About this exercise => Each line in the records below, from the one that contains "Wide Lace Trim" to the one that contains "Harry Potter Bath Body Potion Recipes", should be reproduced exactly, the first and last included.

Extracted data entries
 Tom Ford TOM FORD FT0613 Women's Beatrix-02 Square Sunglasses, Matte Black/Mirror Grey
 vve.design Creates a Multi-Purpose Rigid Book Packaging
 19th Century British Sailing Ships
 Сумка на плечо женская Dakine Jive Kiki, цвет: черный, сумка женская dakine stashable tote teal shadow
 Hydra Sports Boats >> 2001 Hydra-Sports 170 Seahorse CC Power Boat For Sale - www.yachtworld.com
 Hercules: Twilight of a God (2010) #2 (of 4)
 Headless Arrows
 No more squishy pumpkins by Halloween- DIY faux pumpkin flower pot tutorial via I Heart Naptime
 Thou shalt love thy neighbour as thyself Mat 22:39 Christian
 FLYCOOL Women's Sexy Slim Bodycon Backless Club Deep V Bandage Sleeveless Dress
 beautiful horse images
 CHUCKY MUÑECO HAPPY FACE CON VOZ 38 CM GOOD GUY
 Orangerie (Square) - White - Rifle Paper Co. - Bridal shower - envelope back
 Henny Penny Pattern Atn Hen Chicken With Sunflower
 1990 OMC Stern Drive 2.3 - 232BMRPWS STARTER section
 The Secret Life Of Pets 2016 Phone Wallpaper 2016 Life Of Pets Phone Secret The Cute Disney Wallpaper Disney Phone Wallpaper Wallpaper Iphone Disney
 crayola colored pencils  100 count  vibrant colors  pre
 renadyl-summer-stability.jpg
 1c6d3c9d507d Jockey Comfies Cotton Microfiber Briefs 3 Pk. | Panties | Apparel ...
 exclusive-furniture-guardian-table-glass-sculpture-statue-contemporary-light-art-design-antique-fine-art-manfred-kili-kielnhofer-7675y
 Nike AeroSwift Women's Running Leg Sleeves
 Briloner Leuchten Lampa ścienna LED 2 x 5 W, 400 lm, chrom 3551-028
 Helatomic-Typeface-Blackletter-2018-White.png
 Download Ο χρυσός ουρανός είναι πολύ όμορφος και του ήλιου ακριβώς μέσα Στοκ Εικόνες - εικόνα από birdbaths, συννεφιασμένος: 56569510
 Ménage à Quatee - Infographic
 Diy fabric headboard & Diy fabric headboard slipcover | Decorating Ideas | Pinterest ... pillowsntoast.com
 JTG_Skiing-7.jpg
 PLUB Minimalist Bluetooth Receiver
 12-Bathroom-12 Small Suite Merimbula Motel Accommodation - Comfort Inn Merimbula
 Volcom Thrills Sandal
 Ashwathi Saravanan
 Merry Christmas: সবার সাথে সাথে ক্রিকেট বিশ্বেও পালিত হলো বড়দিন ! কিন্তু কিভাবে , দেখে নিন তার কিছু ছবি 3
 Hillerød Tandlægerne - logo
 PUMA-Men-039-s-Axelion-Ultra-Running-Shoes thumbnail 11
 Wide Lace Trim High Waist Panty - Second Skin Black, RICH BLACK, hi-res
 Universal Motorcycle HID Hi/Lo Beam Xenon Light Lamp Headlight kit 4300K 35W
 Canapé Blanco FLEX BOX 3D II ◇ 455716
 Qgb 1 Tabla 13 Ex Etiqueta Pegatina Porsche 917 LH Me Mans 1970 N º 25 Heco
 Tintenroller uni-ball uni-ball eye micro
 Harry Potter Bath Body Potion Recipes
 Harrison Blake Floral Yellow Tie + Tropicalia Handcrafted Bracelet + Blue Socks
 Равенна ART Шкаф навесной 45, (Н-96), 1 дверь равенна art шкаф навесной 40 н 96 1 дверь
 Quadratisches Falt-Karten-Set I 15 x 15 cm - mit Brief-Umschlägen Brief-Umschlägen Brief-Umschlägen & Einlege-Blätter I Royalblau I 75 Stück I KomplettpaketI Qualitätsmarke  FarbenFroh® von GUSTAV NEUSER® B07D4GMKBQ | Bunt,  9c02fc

Reply =>
 Wide Lace Trim High Waist Panty - Second Skin Black, RICH BLACK, hi-res
 Universal Motorcycle HID Hi/Lo Beam Xenon Light Lamp Headlight kit 4300K 35W
 Canapé Blanco FLEX BOX 3D II ◇ 455716
 Qgb 1 Tabla 13 Ex Etiqueta Pegatina Porsche 917 LH Me Mans 1970 N º 25 Heco
 Tintenroller uni-ball uni-ball eye micro
 Harry Potter Bath Body Potion Recipes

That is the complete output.